Finding business models in big data
462 words | ~2 min
In July last year, at the height of the big data nonsense surrounding the doomed Omnicom/Publicis merger, I wrote this about the overused notion that 'it's what you do with the data that counts':
Everybody with a bit of common sense in marketing knows this, and could tell you where and when they want to use data more – when identifying specific challenges and opportunities, when taking the temperature of an issue and figuring out a response in real time, when measuring and adapting the performance of creative content mid-stream during a campaign, and when measuring the relationship between short-term activity and long-term brand value and behavioural change.
I think it's still true, and I think this is a crunch time for the firms that flooded the marketing industry selling the dream of big data. They're maturing, they need to get out from under the wing of their startup funders, and that means they need to start developing proper business models that attract customers and generate revenue.
Based on what I wrote above, I think there are four business models where big data will make a serious impact on the marketing industry. They are:
- Adding good-quality behavioural data into the econometric models used occasionally in strategic planning.

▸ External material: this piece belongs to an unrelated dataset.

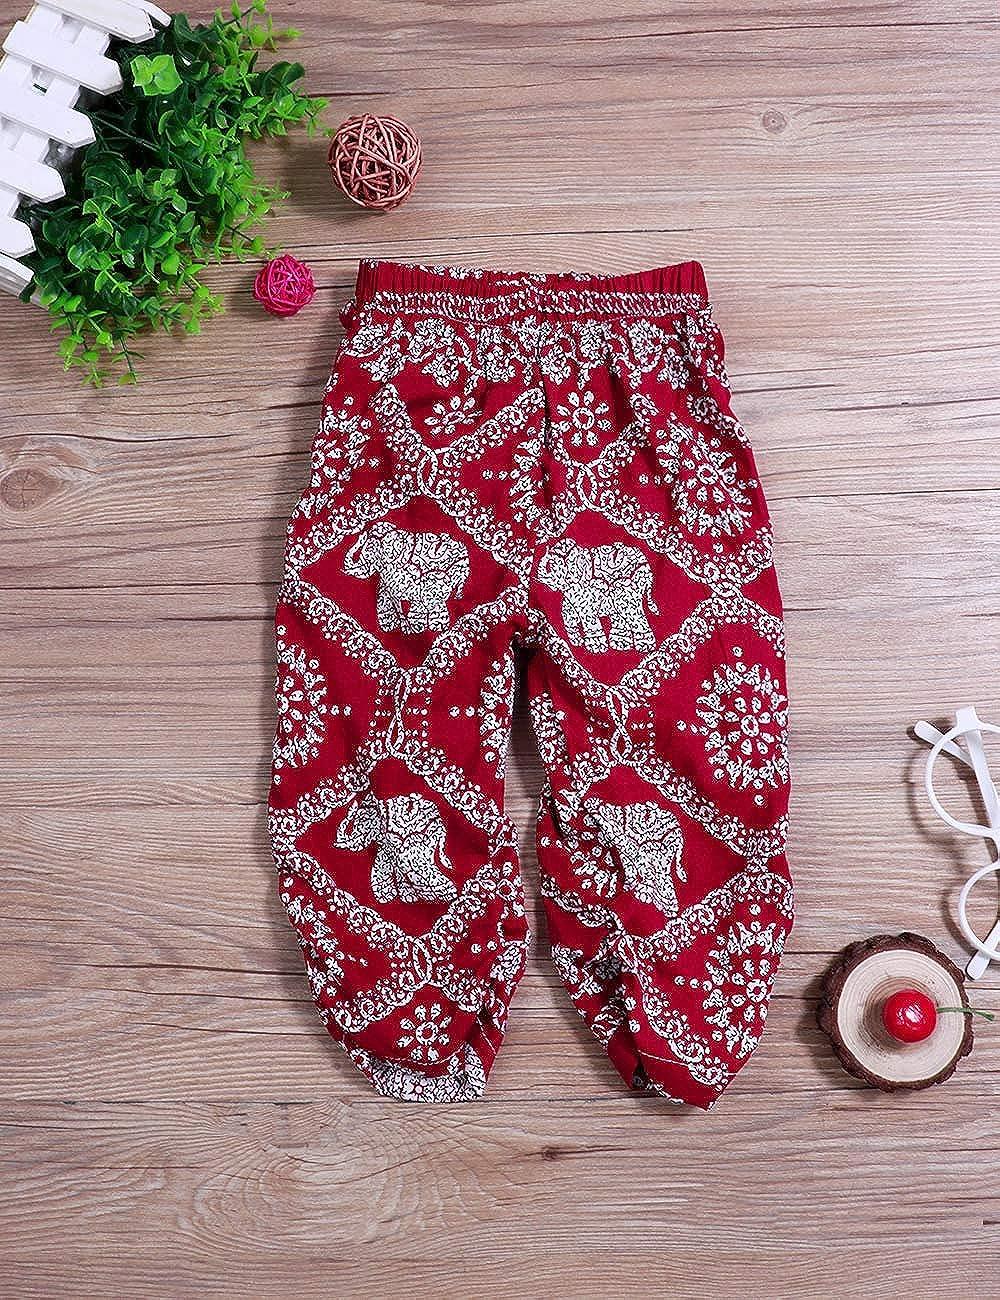 Oklady Little Girls Clothes Summer Straps Shorts Set Elephant Sleeveless Tops+Harem Pants 2Pcs Outfits for Toddler Girls

- Supplying metrics which can be used to measure and improve the ongoing performance of advertising content and media.
- Supplying metrics as inputs to advertising effectiveness research and brand tracking.
- Increasing the speed and breadth of information-gathering during crisis/reputation management situations.
None of these things - marketing strategy, media measurement, advertising research and crisis management - is new. Extra data and new technologies improve them rather than transforming them. Because of that, the data has to be additive: it needs to let marketers see or do what they saw or did previously, but better.
The winners are likely to be organisations who understand what data marketers already have, and how they use it: management consultancies, media agencies, and research agencies in particular. The most successful start-ups will target these relentlessly and concentrate on being useful rather than sounding smart. This is likely to be a bumpy transition for firms who have thrived on VC money rather than customer revenue for so long.
As the market matures, biggest red herrings will be the things that today sound the whizziest: ad-hoc predictive modelling, sentiment analysis, customer lifecycle modelling and automated adaptive advertising. All of these sound (and are) extremely smart, but they're a bad fit for what brand marketers want to be able to know and do, and how consumers behave in most categories. They make for a good sales pitch but a high-risk business model.